Data shown START
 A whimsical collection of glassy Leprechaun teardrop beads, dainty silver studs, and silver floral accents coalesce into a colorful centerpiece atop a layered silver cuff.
Data shown END
Data shown START
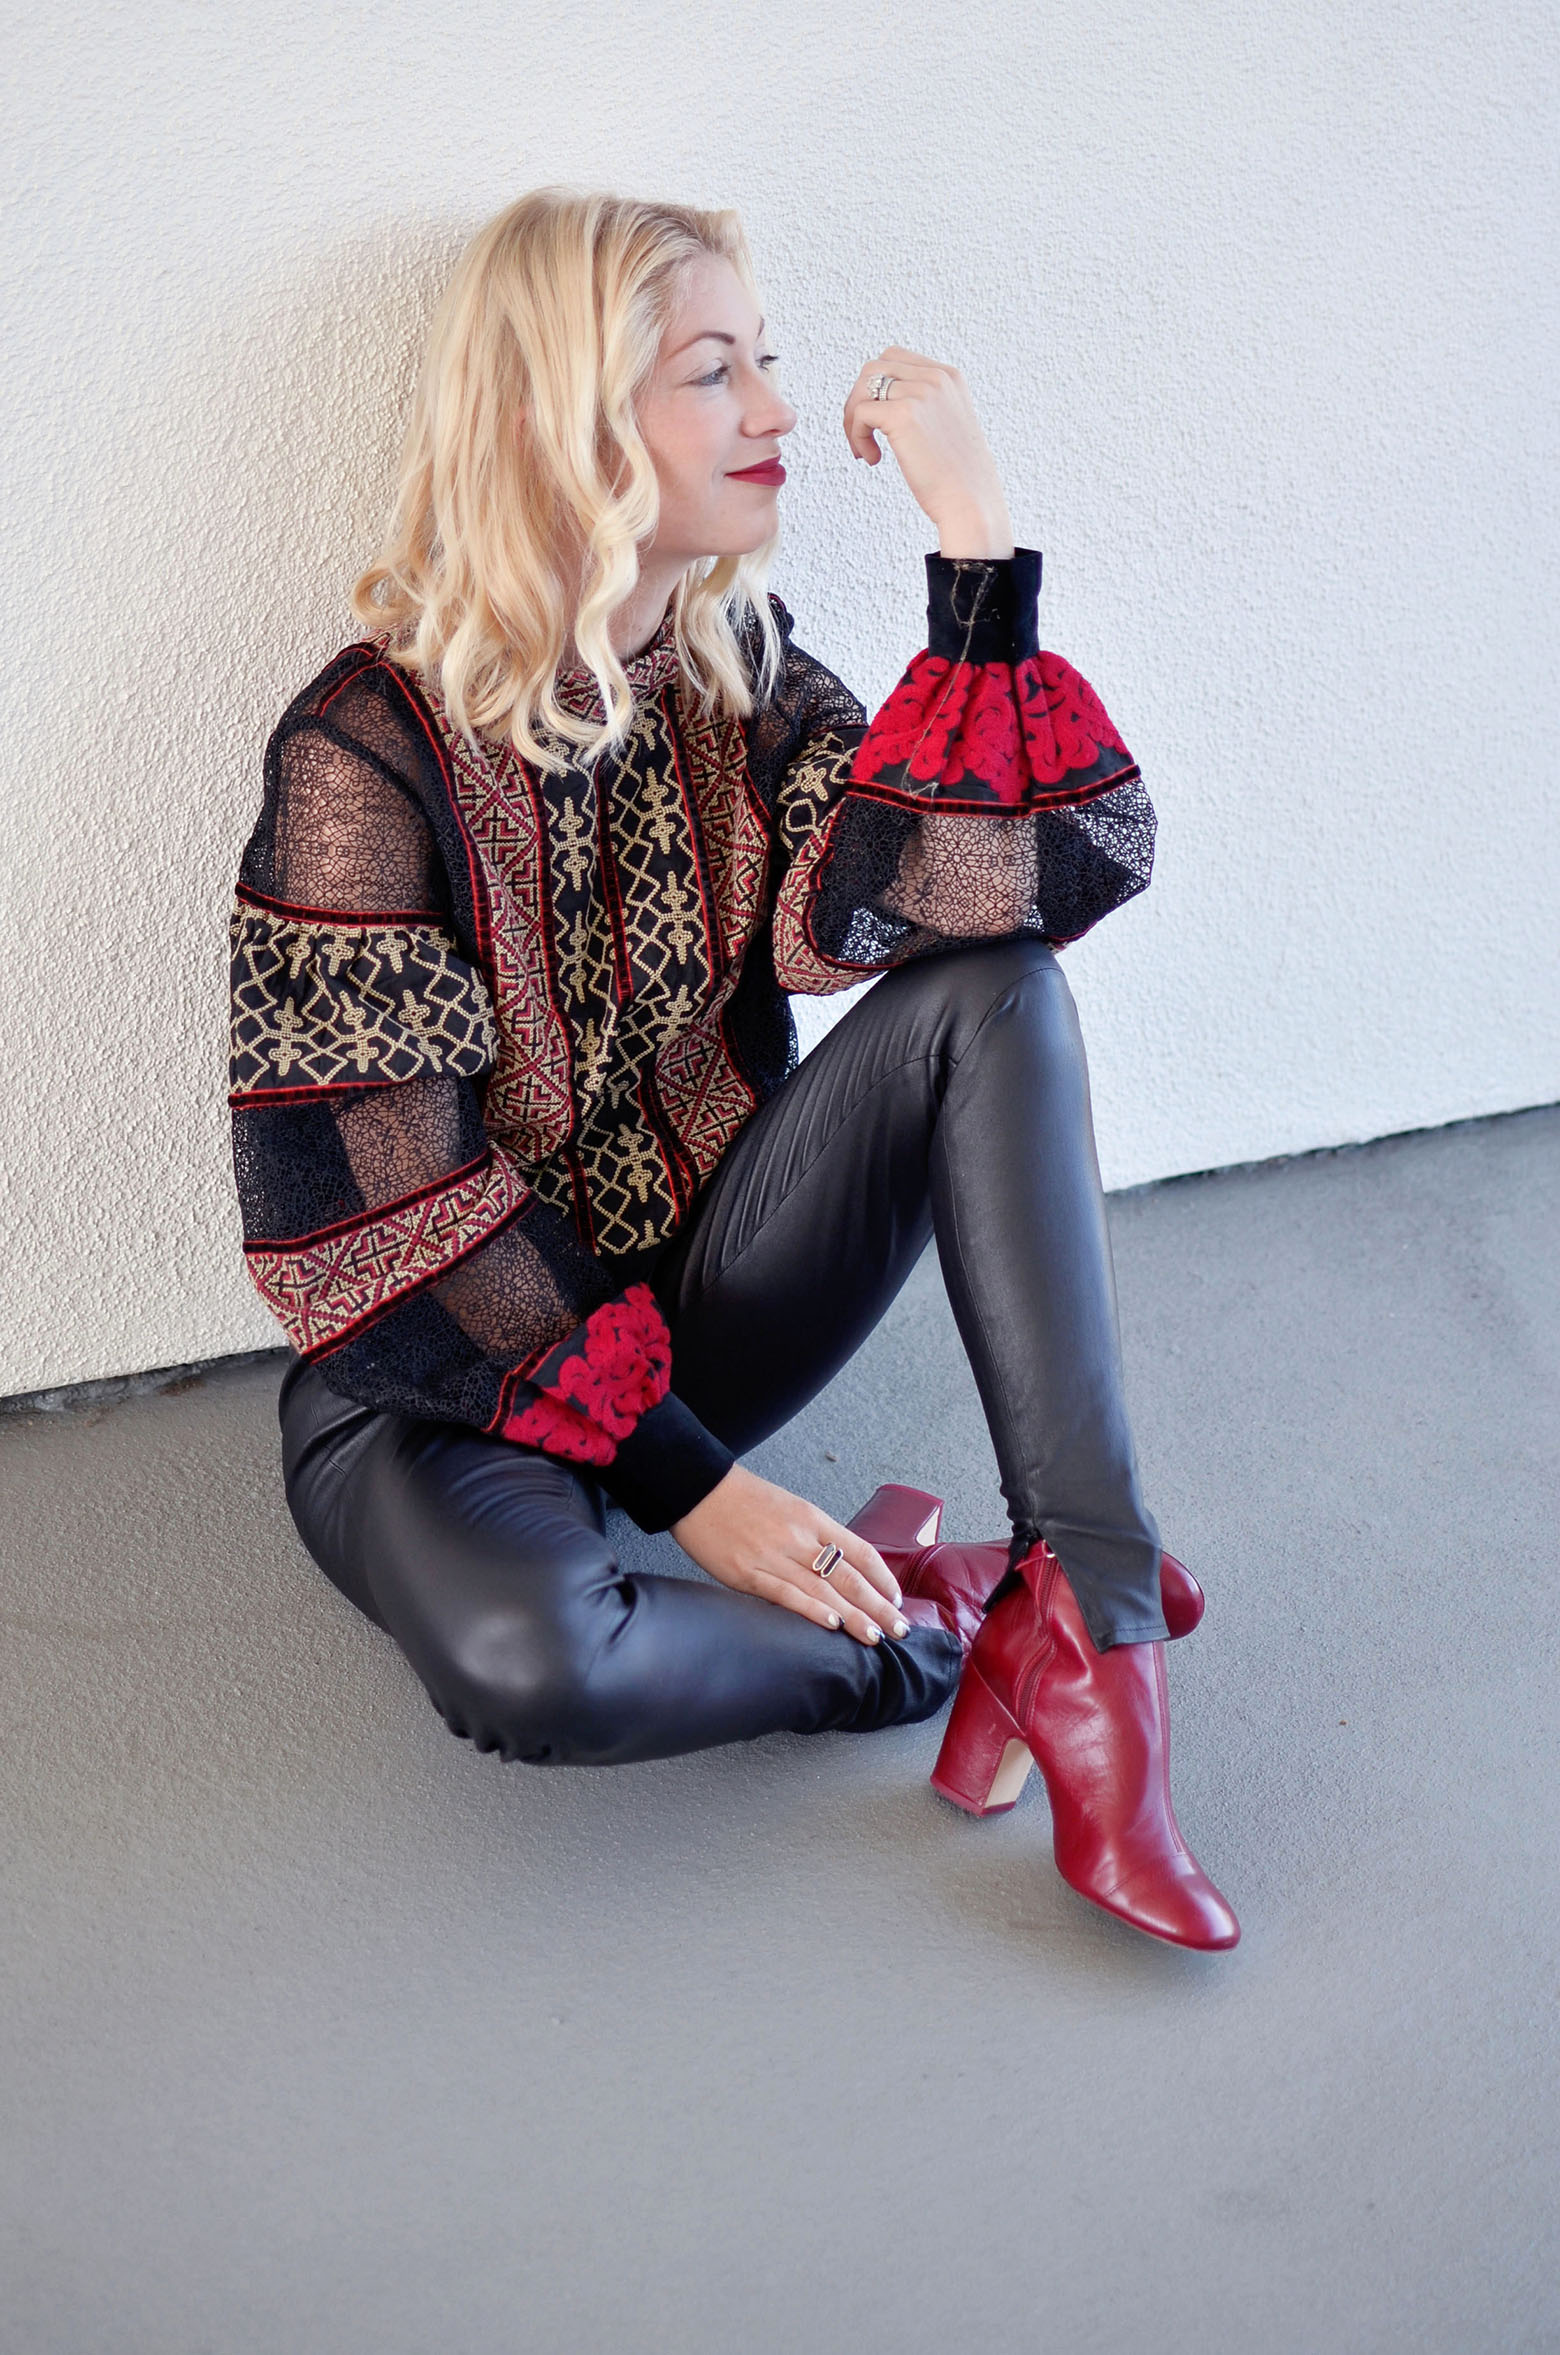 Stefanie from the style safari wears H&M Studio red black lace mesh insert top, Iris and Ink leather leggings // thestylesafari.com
Data shown END
Data shown START
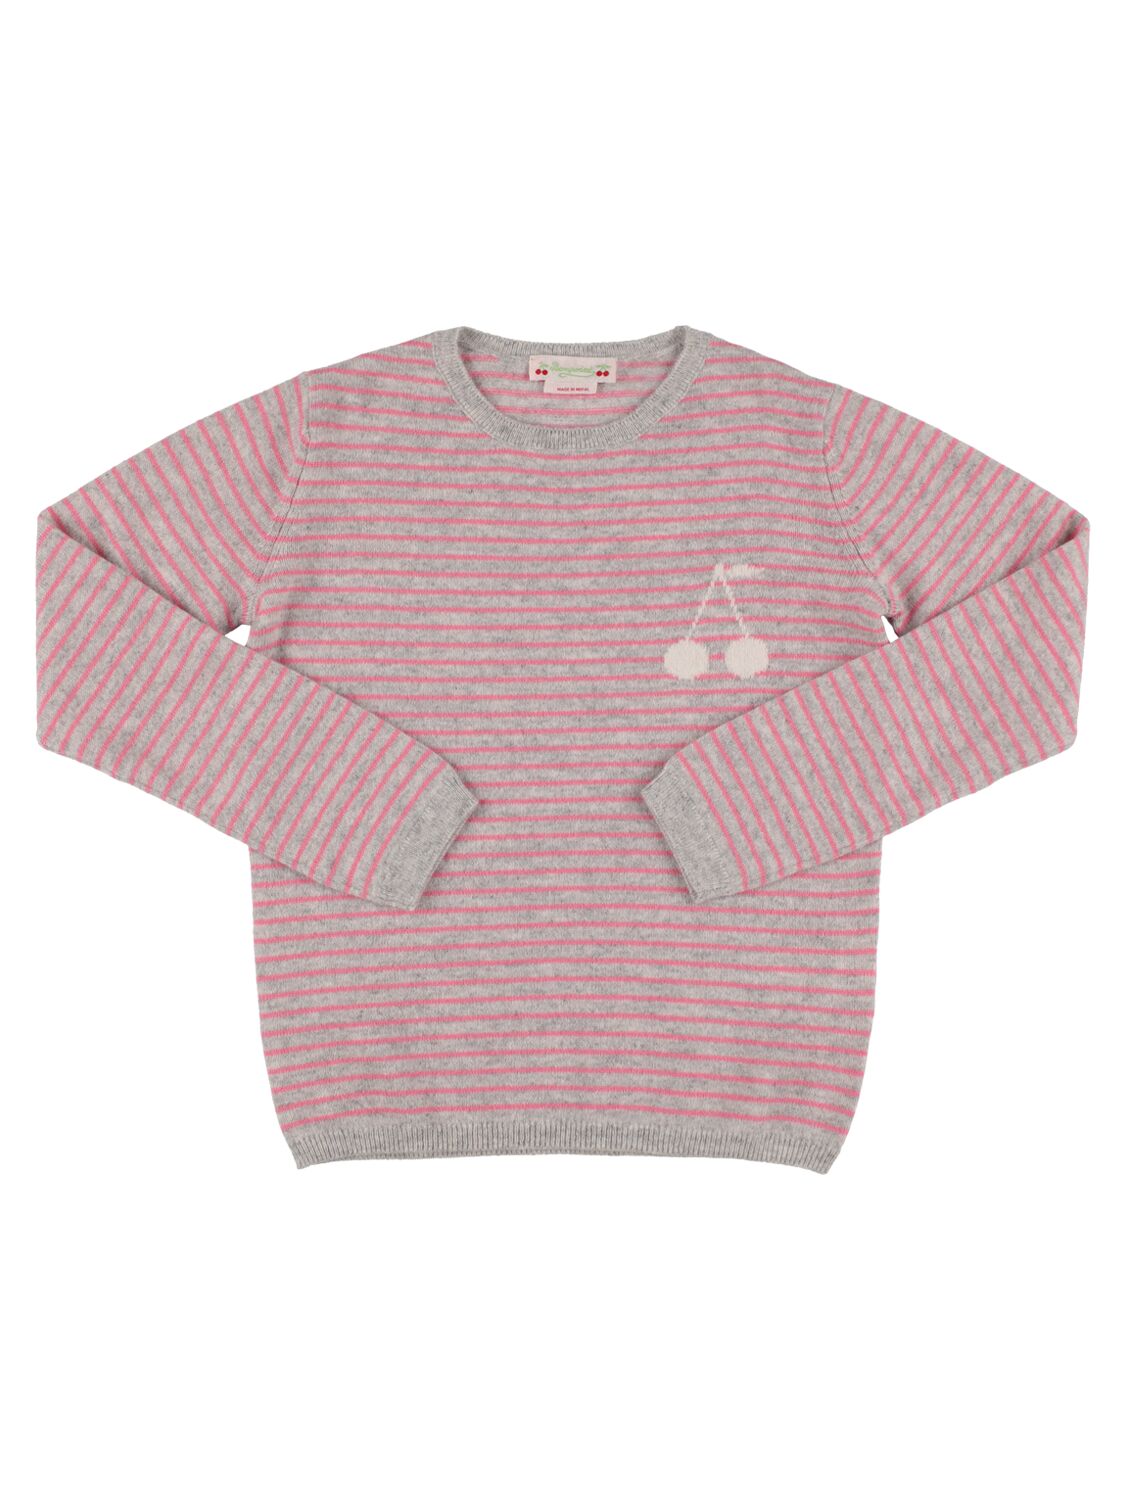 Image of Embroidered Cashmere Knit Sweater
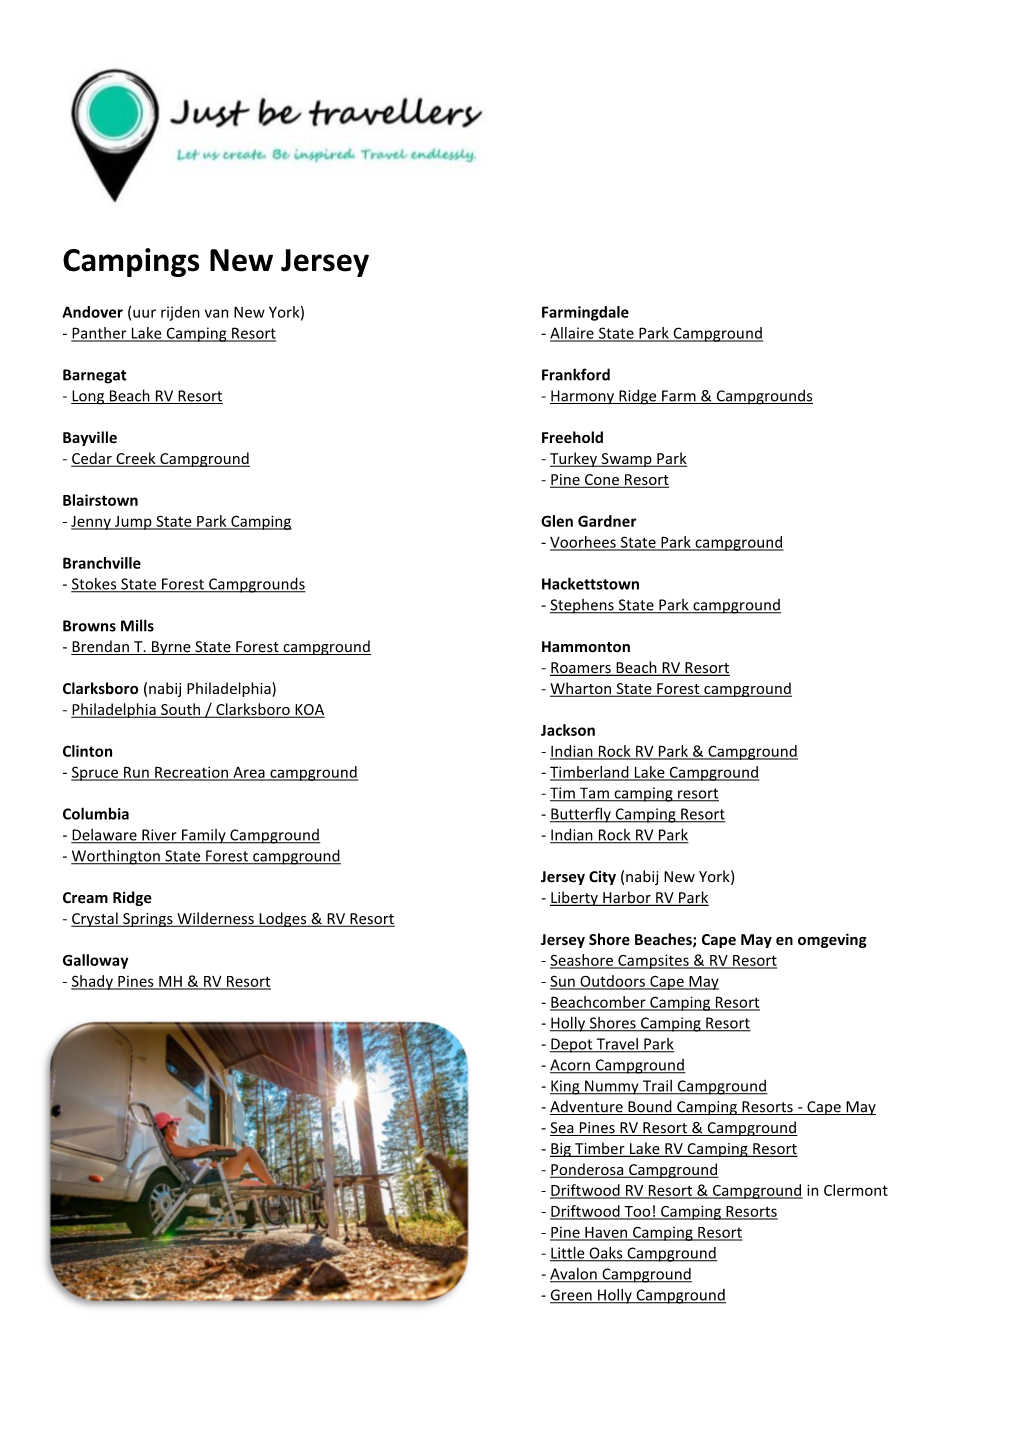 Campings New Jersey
Data shown END
▸ Required action
Using the data above, which lines fall from the one with "Image of Embroidered Cashmere Knit Sweater" through the one with "Campings New Jersey"? Repeat them exactly, ends included, minus any pictures.

▸ Solution below
 Image of Embroidered Cashmere Knit Sweater
 Campings New Jersey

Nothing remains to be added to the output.